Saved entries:

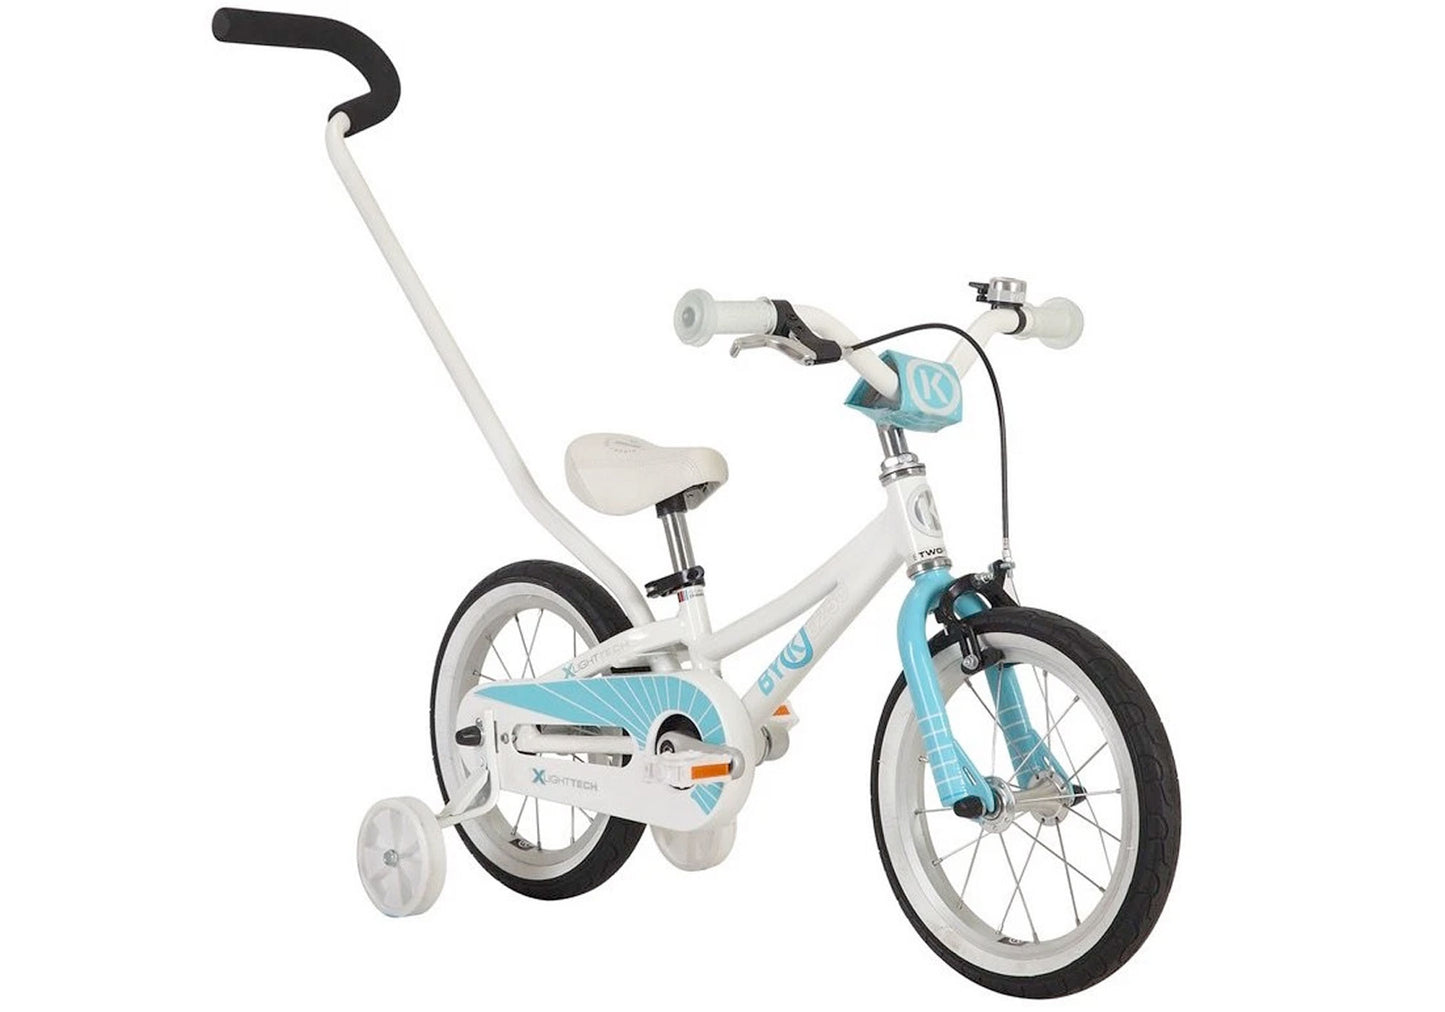 BYK E250 Girl's Bike, Light Blue - Rider height: 85-102cm
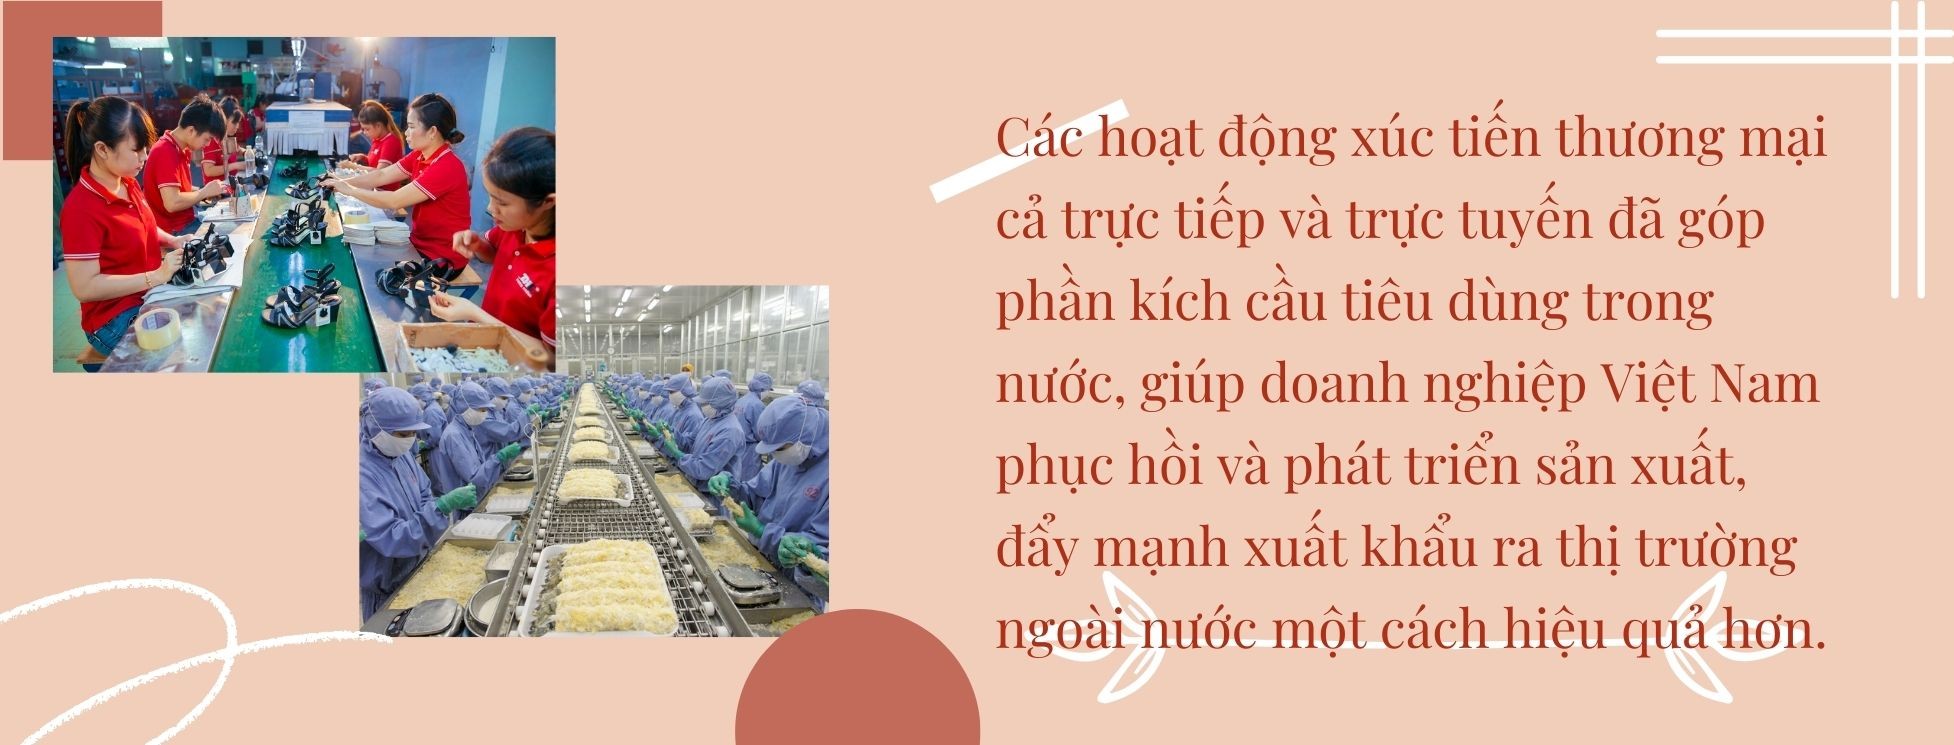 Longform | Xúc tiến thương mại: Cầu nối hiệu quả đưa hàng Việt ra thị trường thế giới
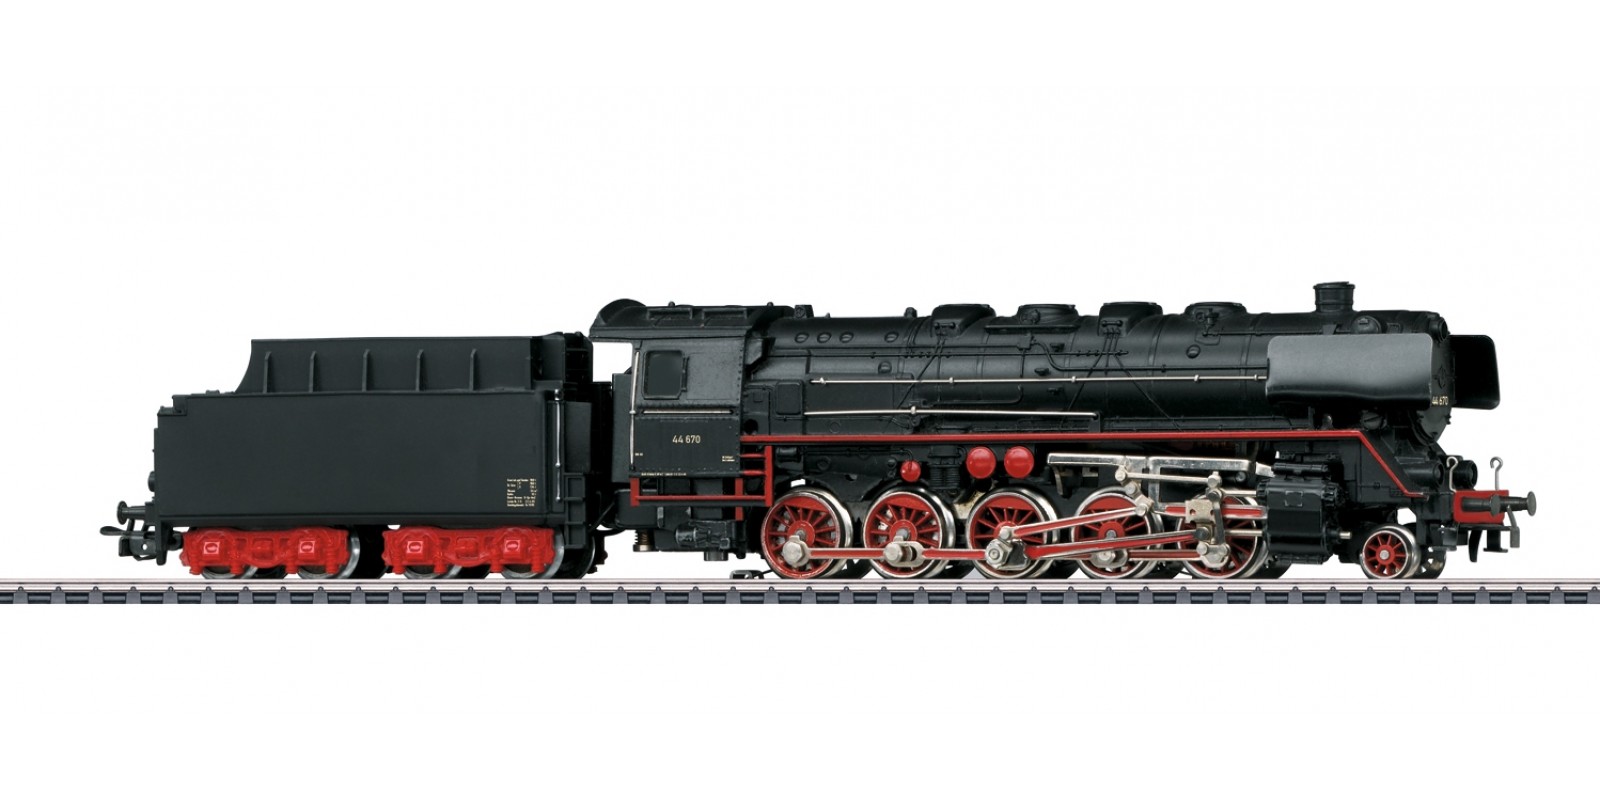 030470_01 German Federal Railroad (DB) class 44
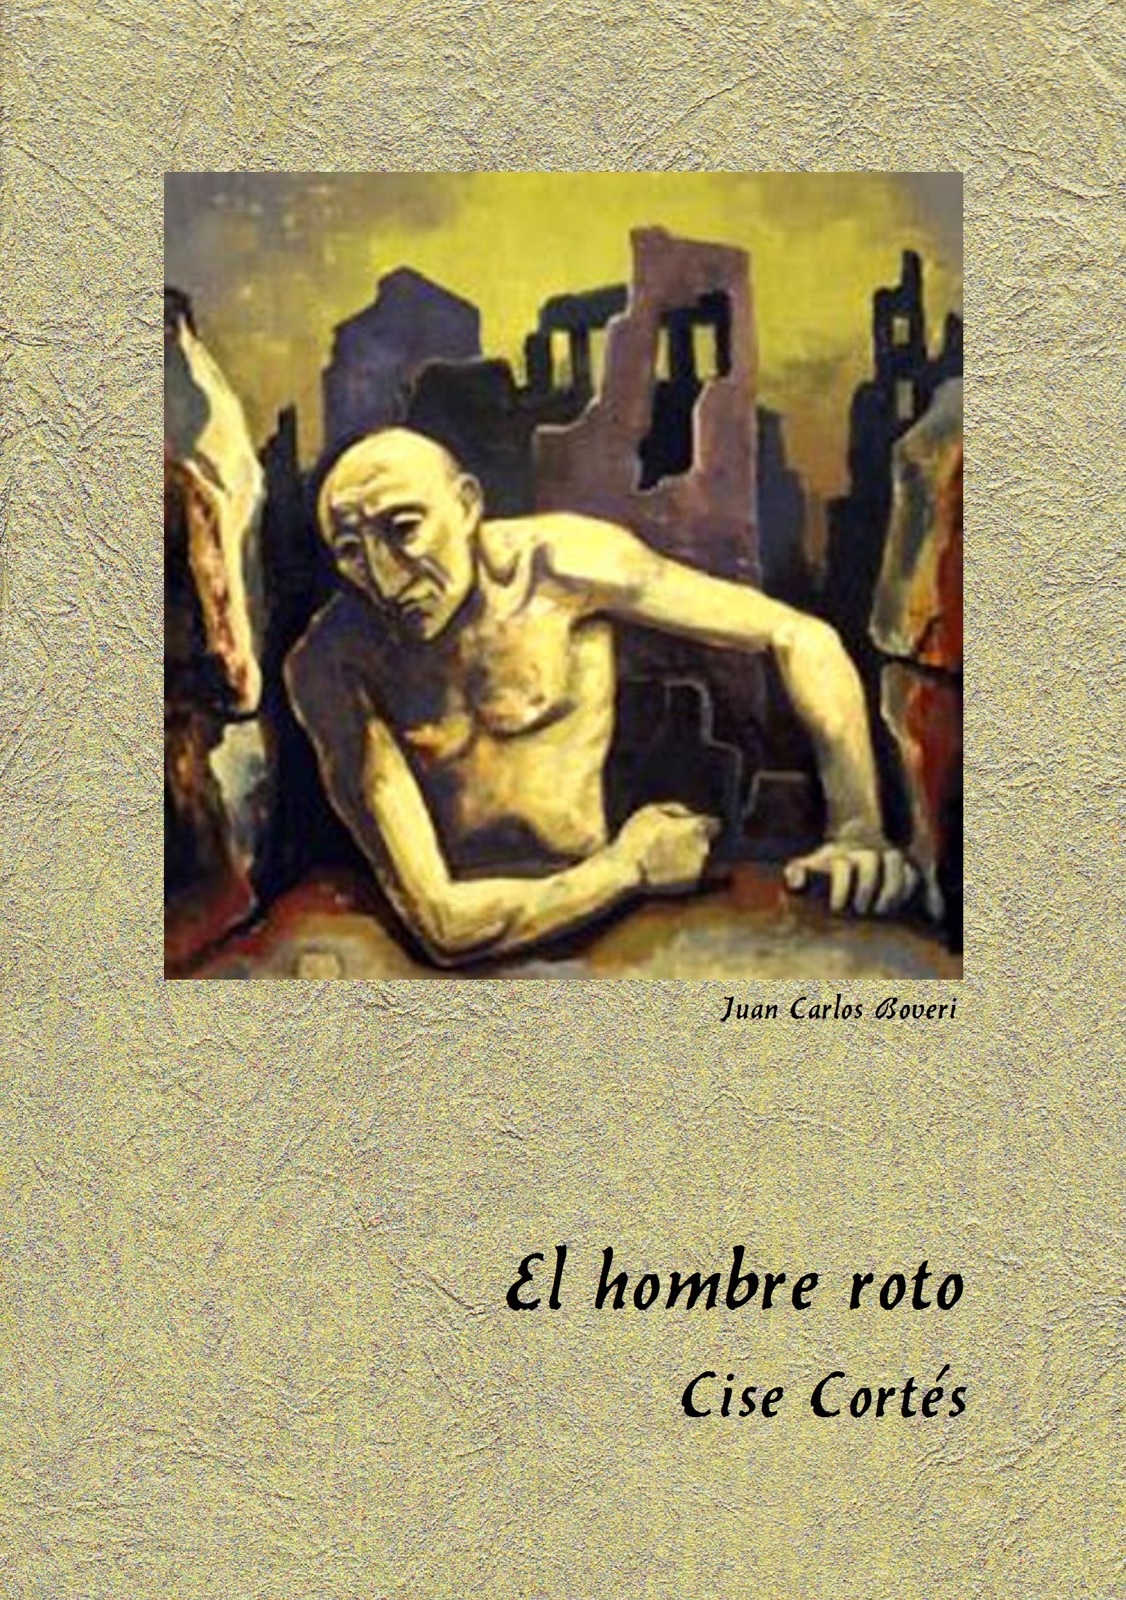 Portada de "El hombre roto", de Cise Cortés
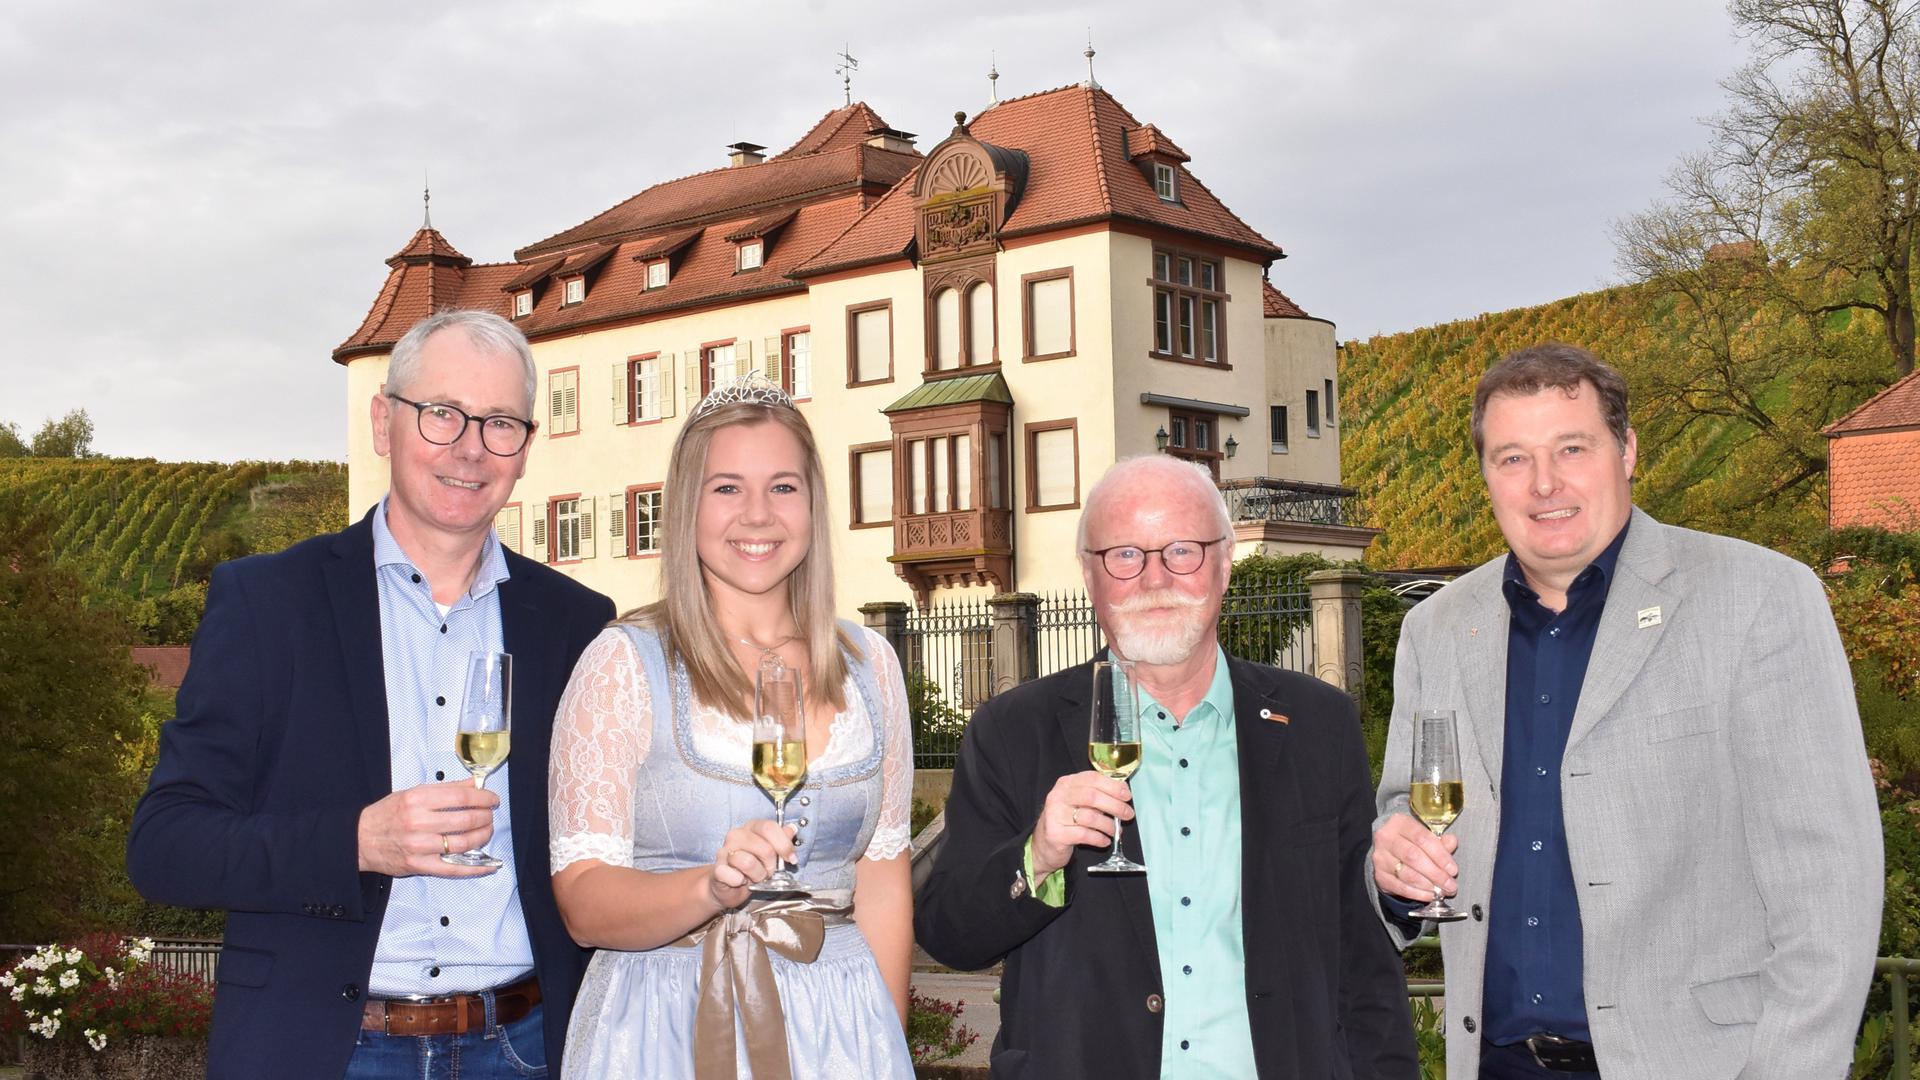 Als Ortenauer Weinprinzessin vertritt Alisa Höll den Rebländer Wein als einen von vielen Weinen aus dem Weinbaugebiet Ortenau. Daher fordert Klaus Bloedt-Werner (Zweiter von rechts) einen eigenen Weinrepräsentanten für den Reblandwein. Ralf Schäfer von der WG (links) zeigt sich aufgeschlossen. Rechts ist Rebland-Ortsvorsteher Ulrich Hildner zu sehen.
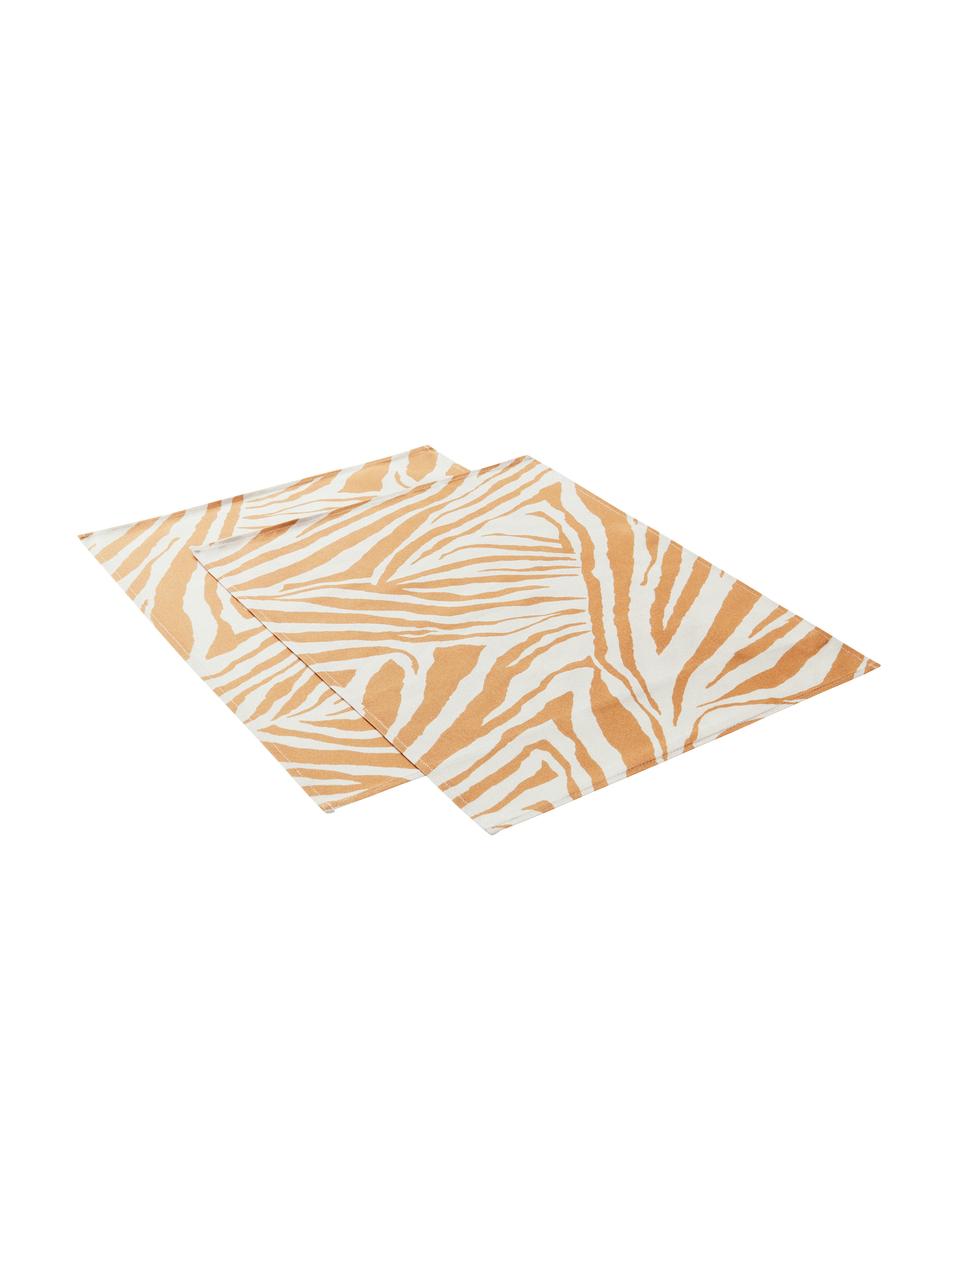 Bavlněné prostírání se vzorem zebry Zadie, 2 ks, 100 % bavlna, Hořčičná žlutá, krémově bílá, Š 35 cm, D 45 cm

* TO DO *
I would like you to set down the lines above, from the one containing "de Cise Cortés" to the final line, exactly as written and without pictures.

* COMPLETED TASK *
 Portada de "El hombre roto", de Cise Cortés
 Als Ortenauer Weinprinzessin vertritt Alisa Höll den Rebländer Wein als einen von vielen Weinen aus dem Weinbaugebiet Ortenau. Daher fordert Klaus Bloedt-Werner (Zweiter von rechts) einen eigenen Weinrepräsentanten für den Reblandwein. Ralf Schäfer von der WG (links) zeigt sich aufgeschlossen. Rechts ist Rebland-Ortsvorsteher Ulrich Hildner zu sehen.
 Bavlněné prostírání se vzorem zebry Zadie, 2 ks, 100 % bavlna, Hořčičná žlutá, krémově bílá, Š 35 cm, D 45 cm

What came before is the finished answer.